Procès charbon fin : le contenu des conteneurs dévoilé
Le procès charbon fin s’est poursuivi le lundi 9 septembre 2023 au Tribunal de Grande instance de Ouagadougou. L’audience du jour a été largement consacrée au dévoilement des contenus de deux containeurs de « corps solides ». Briques réfractaires, scories, colmatés, …, les contenus dévoilés ont nourri les débats entre les différentes parties.
Ça y est. On sait maintenant un peu plus sur ce qu’il y a dans les conteneurs mises sous scellés dans le cadre du dossier dit charbon fin. Après le rendez-vous manqué lors de la dernière audience à cause d’une absence des clés, ces conteneurs ont finalement été ouverts lundi 9 octobre 2023.

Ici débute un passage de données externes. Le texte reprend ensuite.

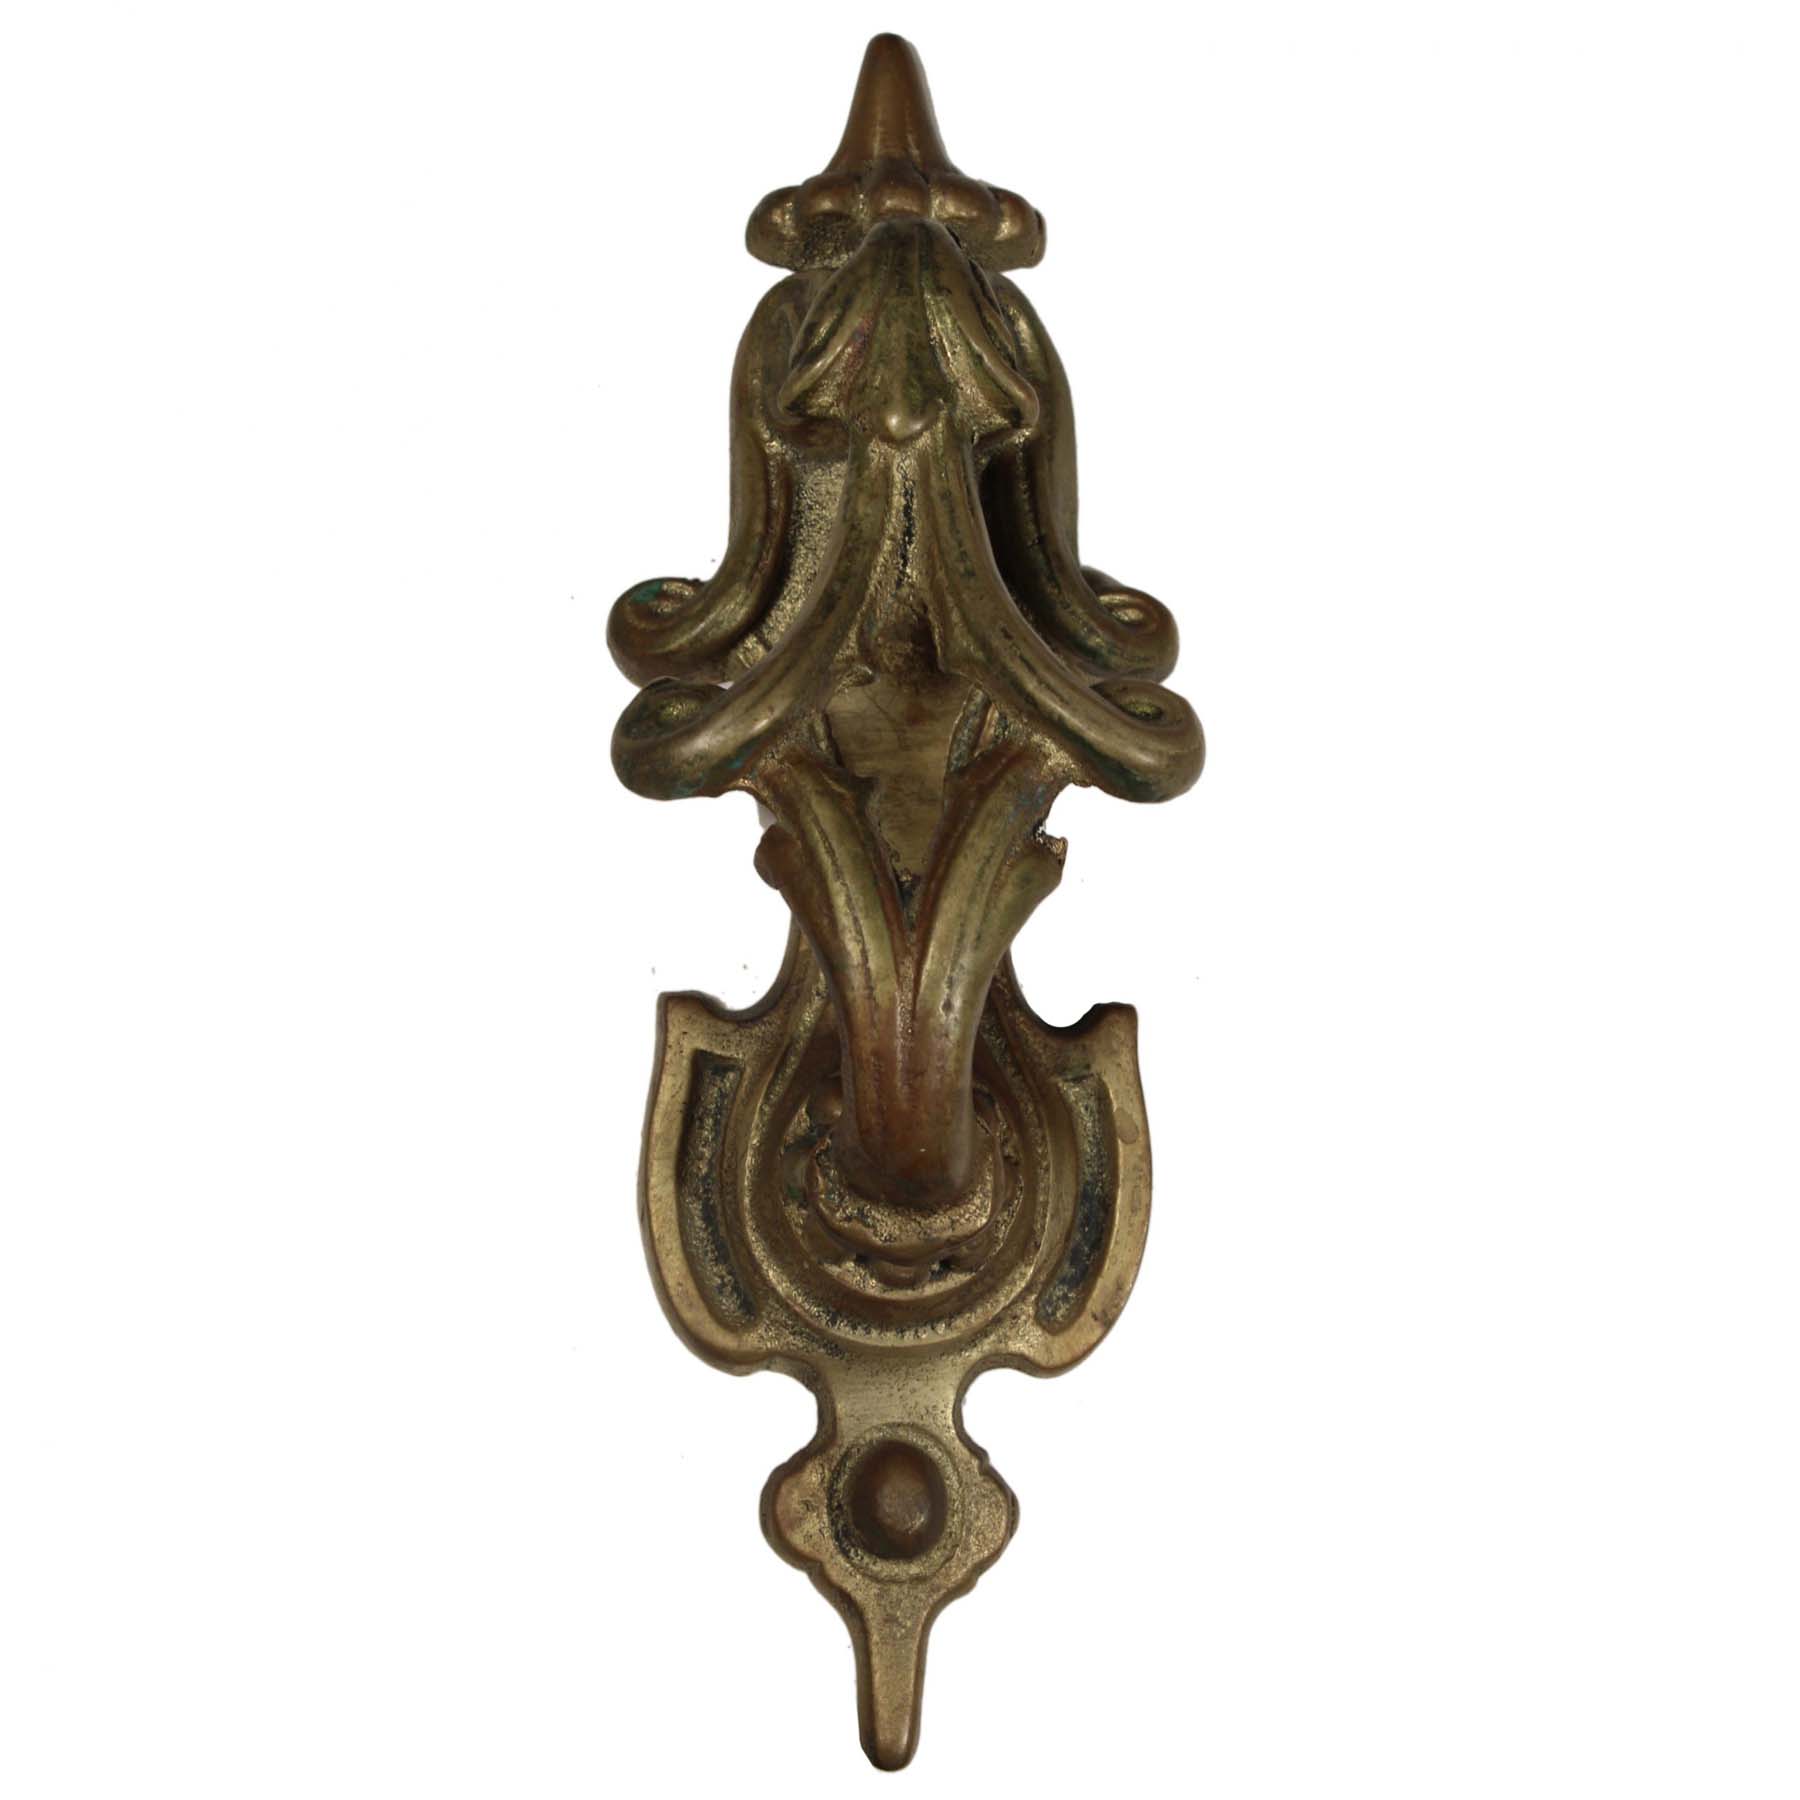 SOLD Vintage Cast Brass Door Knocker, Art Nouveau -69882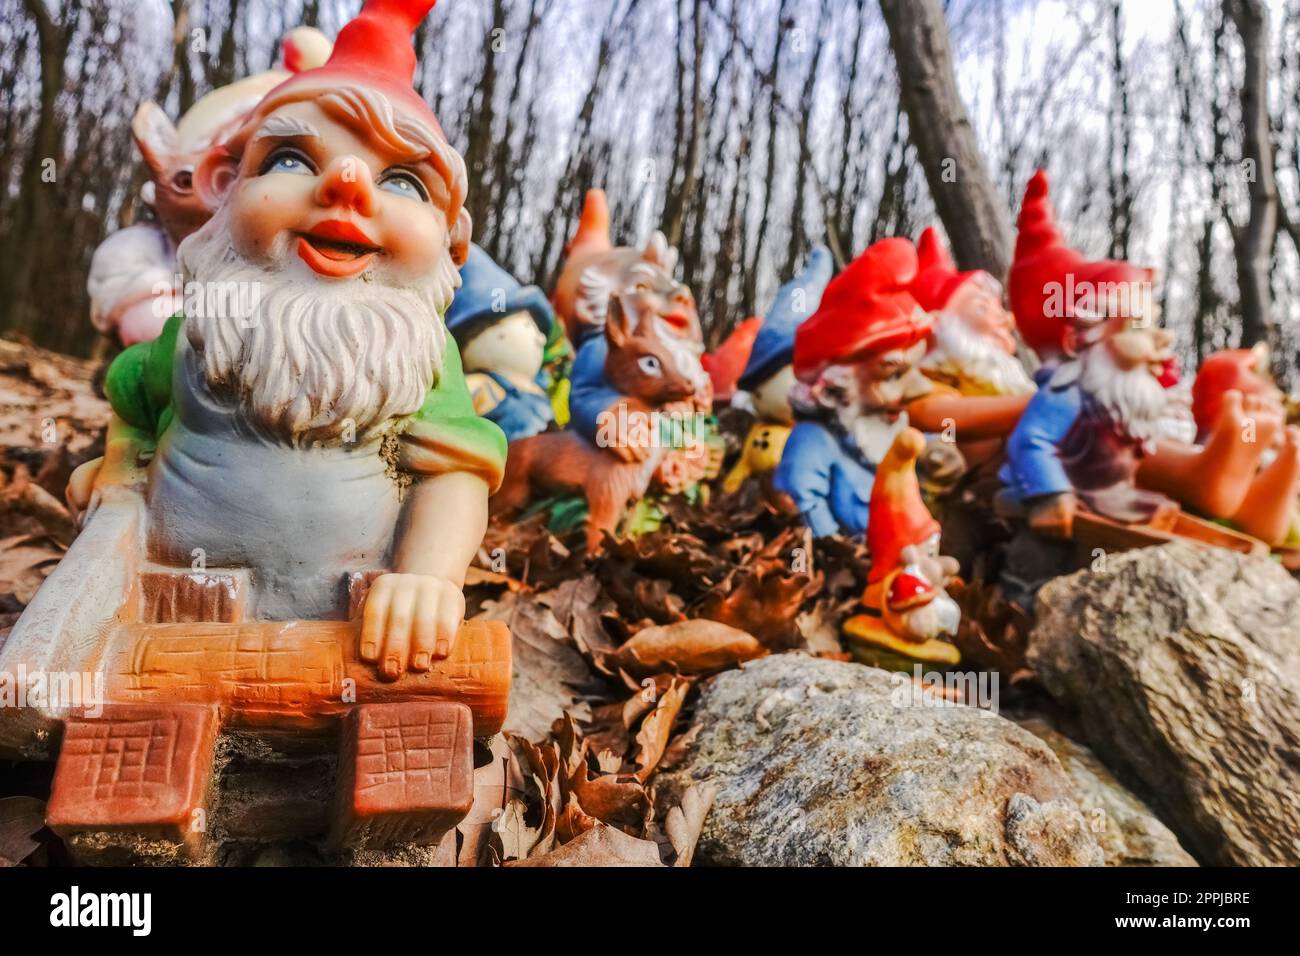 Wood gnome immagini e fotografie stock ad alta risoluzione - Alamy

Avant l’ouverture des conteneurs, d’abord quelques moments d’échanges sur la nécessité de rendre disponibles des équipements de protection pour les parties au procès. Selon les experts, pas de risque pour le reste de l’assistance. En blouses gris ou bleu, les visages barrés de masques et lunettes de protection , ce n’est pas seulement ce qu’il suffisait pour procéder au déballage des deux conteneurs, disposés tout juste près de la barre. En effet, il fallait aussi s’assurer de l’état des scellés et de cadenas apposés avec les soins d’un huissier de justice. Passée cette étape, on pouvait enfin passer les cisailles sur les scellées et sauter les verrous des conteneurs.
Dans son premier constat après l’ouverture d’un premier conteneur, l’huissier de justice qui a sorti des emballages en sachet a évoqué des « corps solides ». Le même constat a été fait par un homme désigné parmi l’assistance. Ce dernier, a dit avoir touché « des corps solides sous forme de cailloux ». Il s’est agi là de décrire l’échantillon de deux éléments prélevés du conteneur. Invité à se prêter à cet exercice, un métallurgiste représentant de la mine d’Essakane a, lui, employé des termes de « briques réfractaires » et de « scories ». Autre constat, celui du parquet, les deux éléments présentent des aspects différents.
Passés à la loupe, des éléments de ces corps solides qui ne ressemblent pas aux autres du charbon fin « attirent l’attention », selon les experts qui devraient pousser l’expertise. A une question du juge, Essakane, par la voix de son représentant a indiqué que dans les cargaisons de charbon fin, l’on retrouve habituellement les briques réfractaires sus-évoquées. Et pour connaitre la teneur en or de ces corps solides, il faut les broyer, foi du représentant de la mine.
Mais à quel stade du processus de traitement de l’or interviennent ces corps solides ? Le représentant d’Essakane a expliqué que ces éléments ont été récupérés en 2016 suite au dysfonctionnement d’un système d’incinération du charbon fin. Ce dysfonctionnement, suivant les explications du métallurgiste, a duré deux mois et les éléments qui en ont été récupérés ont été conservés jusqu’en 2018 avant d’être saisis par la douane.
Dans le deuxième conteneur ouvert devant la tribunal, il a été constaté deux sacs noués qui contenaient également d’autres matières solides. Il s’agit de colmatés, selon le métallurgiste d’Essakane, des scories contenant des grains d’or visibles à l’œil nu, selon les experts. Il n’a pas fallu plus que ce constat des experts pour que les différentes parties s’approchent au plus près du contenu déballé de ce deuxième conteneur pour s’en faire une idée.
Dans leurs observations, les différentes parties se sont attardées sur les composantes des corps solides exposés. Avant que le président du tribunal n’ordonne la remise sous scellés des conteneurs, la défense a notamment fait observer qu’il n’y a pas de lingots d’or sortis des conteneurs.
En rappel, cette affaire dit de charbon fin a débuté en décembre 2018 lorsque la douane a saisi des cargaisons de 32 conteneurs remplis de la matière éponyme. Il s’agissait ainsi d’empêcher une soustraction frauduleuse d’or car selon des informations, ce charbon fin aurait été enrichi de pépites du métal jaune. En clair, la teneur déclarée serait bien en deçà de la réalité, chose que conteste la société minière Essakane, l’une des 14 personnes physiques et morales poursuivies dans ce dossier. A l’audience de ce 9 octobre, les experts ont indiqué que sur les 32 conteneurs d’un total de 440 tonnes expertisées, 764 grammes d’or ont été retrouvés dans chaque tonne.
Au moment où nous quittions la salle d’audience, les débats sur le contenu des conteneurs était clos, pour faire place à la requête d’avocats de l’Etat sur la prise de mesures conservatoires contre la mine d’Essakane.